If that happens to Shalla and I, well... well, that's what I make plans for. That's why I hate plans going poof.

Last night I was reading my copy of The Escapist, specifically this Andrew Mueller essay where he recreated the famed Orient Express train route from London to Istanbul. Of course, there are no direct routes now, and so he and a photographer made the trip with multiple transfers, through which you can make multiple observations - about restaurant cars and sunflowers and immigration. And fellow travelers, too.

...and Cathy, a Chinese literature graduate from Hong Kong, on the last hitch of a rail epic from her hometown via Beijing and the trans-Mongolian to Moscow. Her friends all told her she was crazy, she says, but she likes trains.

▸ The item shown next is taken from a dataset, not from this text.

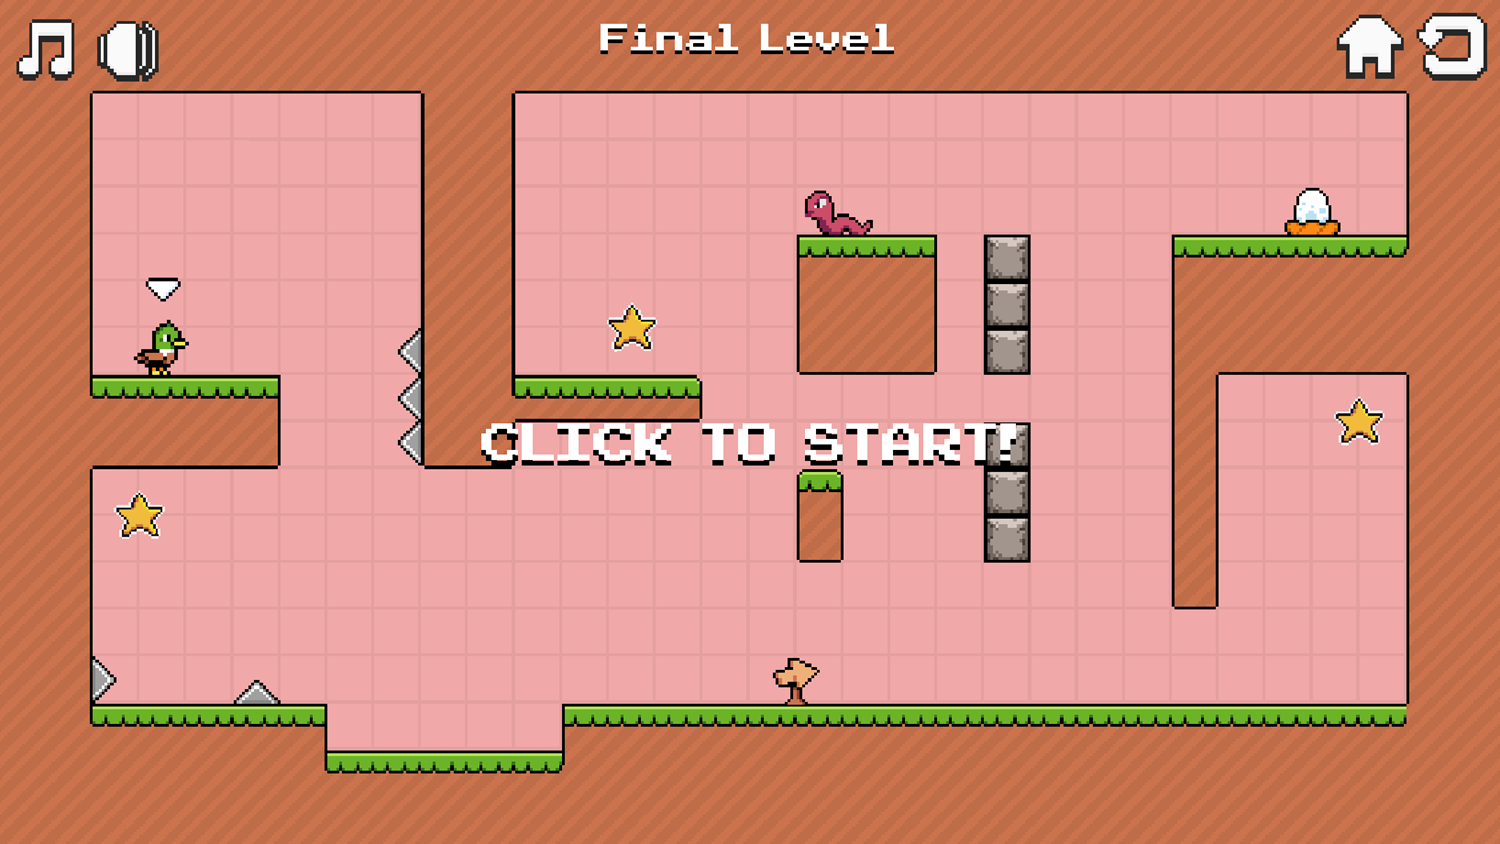 Duck Auto Run Game Final Level Screen Screenshot.

The Philippines is an archipelago. To get to the next country means taking a plane and no other way - well, unless you live in Zamboanga or whereabouts, where I assume you can ride a boat to Kota Kinabalu or whereabouts. Still, for most of us, there's no other way but through the sky, which means going out of the country should be planned to the hilt, because for some reason we've seen airplanes as something grand and perhaps even luxurious, and something you should experience at least twice in your life. (You know, round trip.) We could not just get on a train with our passport and go somewhere outside our borders. Heck, we can't even get the trains within our borders right. They're dilapidated and out of date, and in one case woefully crowded. We can only dream that the entire Philippines is connected by train. You might have seen that graphic going around on Facebook, that graphic that's been repurposed lately as proof that Duterte is great, because he plans to build a rail link connecting Puerto Princesa to the Tubbataha Reefs - to the middle of the sea.

I've only been on that sort of train once. It's did not cross borders, but it's in a different country. From Kuala Lumpur, the best way to get to the Batu Caves is via train; the very end of one line stops right in front of the tourist attraction. Going up the steps (and dealing with the monkeys) is tiring, but there's a slight thrill in knowing you're on the right platform, and waiting for your train to arrive. It's not a speedy train, which means you see most of what's around you clearly, even if there isn't much to see apart from the Petronas Towers fading into view, telling you that you are far away now.

One time Shalla and I had to take that train from Chinatown to KL Sentral. Clarissa, one of her online friends, toured us around and introduced us to this hidden place with really good char siu. The train won't arrive until twenty minutes, and I badly needed to poop, so I left them at the platform and I walked a good 500 meters to another platform just to get to a toilet. This being Kuala Lumpur, it's one of those toilets where I had to squat. I guess that's the closest I've been to winging it abroad. And Shalla found herself quarantined. No wonder she knows she can do anything.

And so do many others, because flying is cheap now. You may not always get a PHP 2,500 ticket to Perth, but you can get on Cebu Pacific and fly to wherever your piso fare can get you - and poof goes your travelling virginity. You've left your country. You just have to go back later, and enjoy everything in between, and take lots of photos and get lots of useless souvenirs and show everything off for weeks on end. But then, they're terrible with international flights. On my third time to Hong Kong, their plane arrived at the very minute it was supposed to leave, according to my ticket. It felt like a red eye flight, and I could never sleep on a plane, so it was bad.

For this trip we took Cathay Pacific, like I have been doing for the work trips. We got cheap tickets, arguably comparable to Cebu Pacific, but with more luggage and better leg room and a personal screen (but who needs those now?) and the ability to check in your luggage before you get to the airport. Hong Kong, you see, has this Airport Express train - oh, right, it's a train. It's a fast train. It gets you to the city center in half an hour, and you just have to saunter to the station. And there's a free shuttle that can drop you right at your hotel lobby, if you're lucky. It's really convenient for a city breaker like me. But circumstances aren't ideal, and we are now paying the price.